Millennials are digital natives—they have almost always lived in a world of the Internet and smartphones. It’s not just nice to have a strong web presence, it’s expected. Prospective clients will most likely Google your name before you meet, so evaluate what your online presence says about you and your value proposition. Learn more about defining your value proposition with Thornburg’s Building Brand Relevance program (for investment professionals only). - Create a niche.
Offering services specifically for Millennials can help differentiate you from other advisors. Millennials value personalization. They are self-identifying and proud of their diversity. They appreciate acknowledgement of their unique qualities and look for bespoke products and services. Millennials are driving societal change. For example, more Millennial women are identified as the primary income earner in households than other generations. This shifting investor landscape provides the opportunity for advisors to tailor their business to address specific needs of Millennial clients. - Keep it simple.
What investment does a Millennial value most? The savings account. Millennials’ proclivity for traditional savings accounts comes from a distrust of the financial industry (many were young adults in 2008, after all) as well as a lack of financial literacy. Millennials have been dubbed the “no risk” generation, so traditional, long- term investments may be the way to a Millennial’s heart – dividend paying stock funds and straightforward bond funds. However, you also want to educate them about how diversifying investments across the risk spectrum is likely necessary to achieve their financial goals (e.g., teach them the benefits of an emerging markets fund). - Forget traditional milestones.
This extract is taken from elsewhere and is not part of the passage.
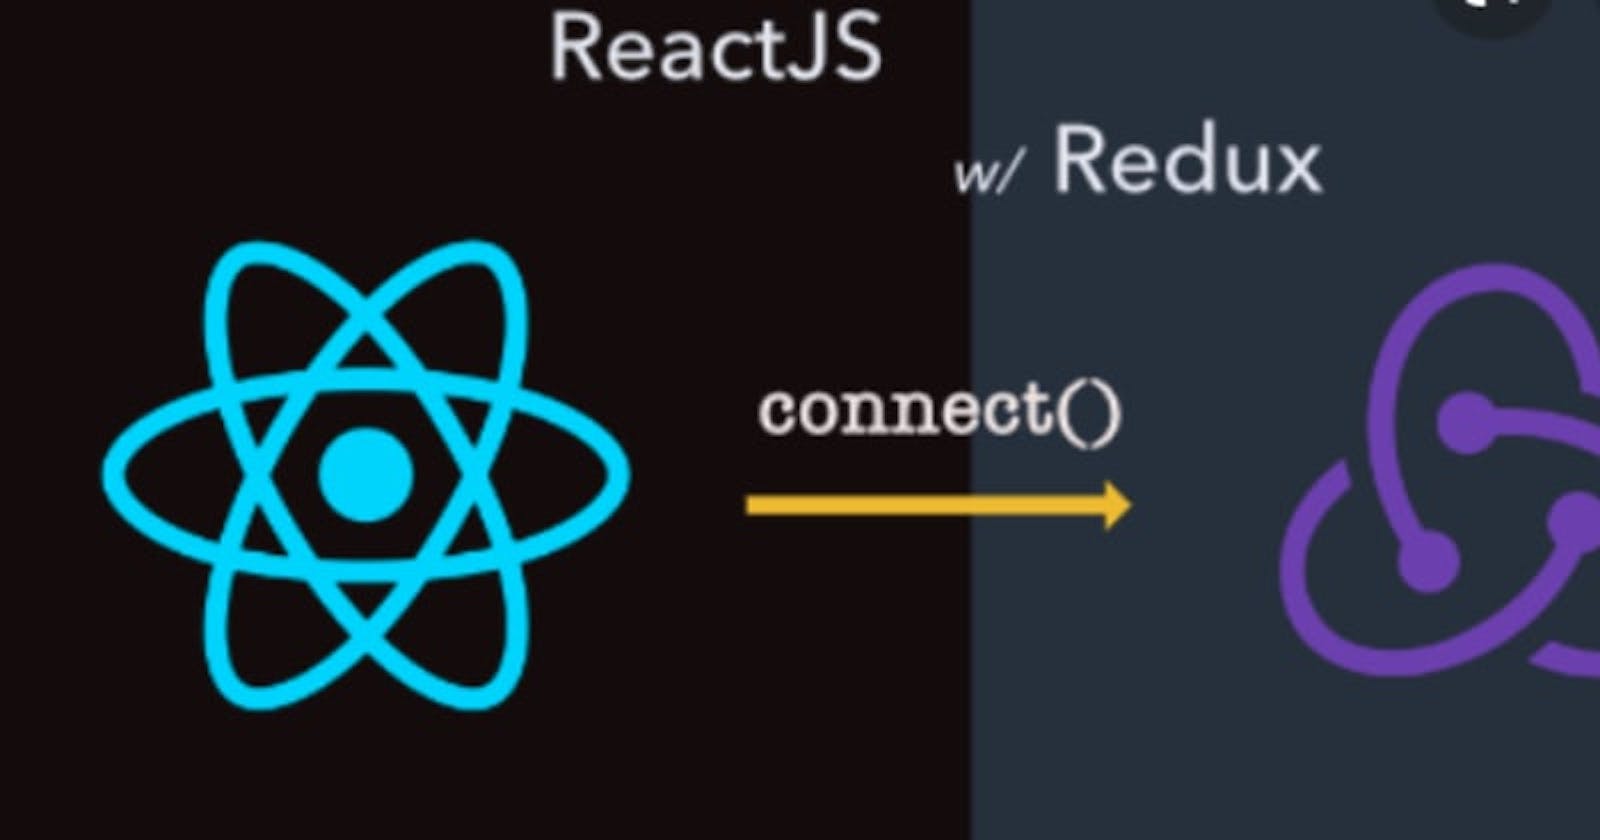 A look at the Redux connect() function

Millennials’ financial goals may be different from previous generations. Their financial goals may involve paying down their student debt (this generation has almost $500 billion in outstanding student loan debt). But, they also spend on travel as many Millennials prioritize happiness and life experience over traditional life milestones, like buying a house. Additionally, they are values-driven investors, so advisors should be ESG aware.
This generation wants to hear your expert opinion on how to manage their life, not just their portfolio.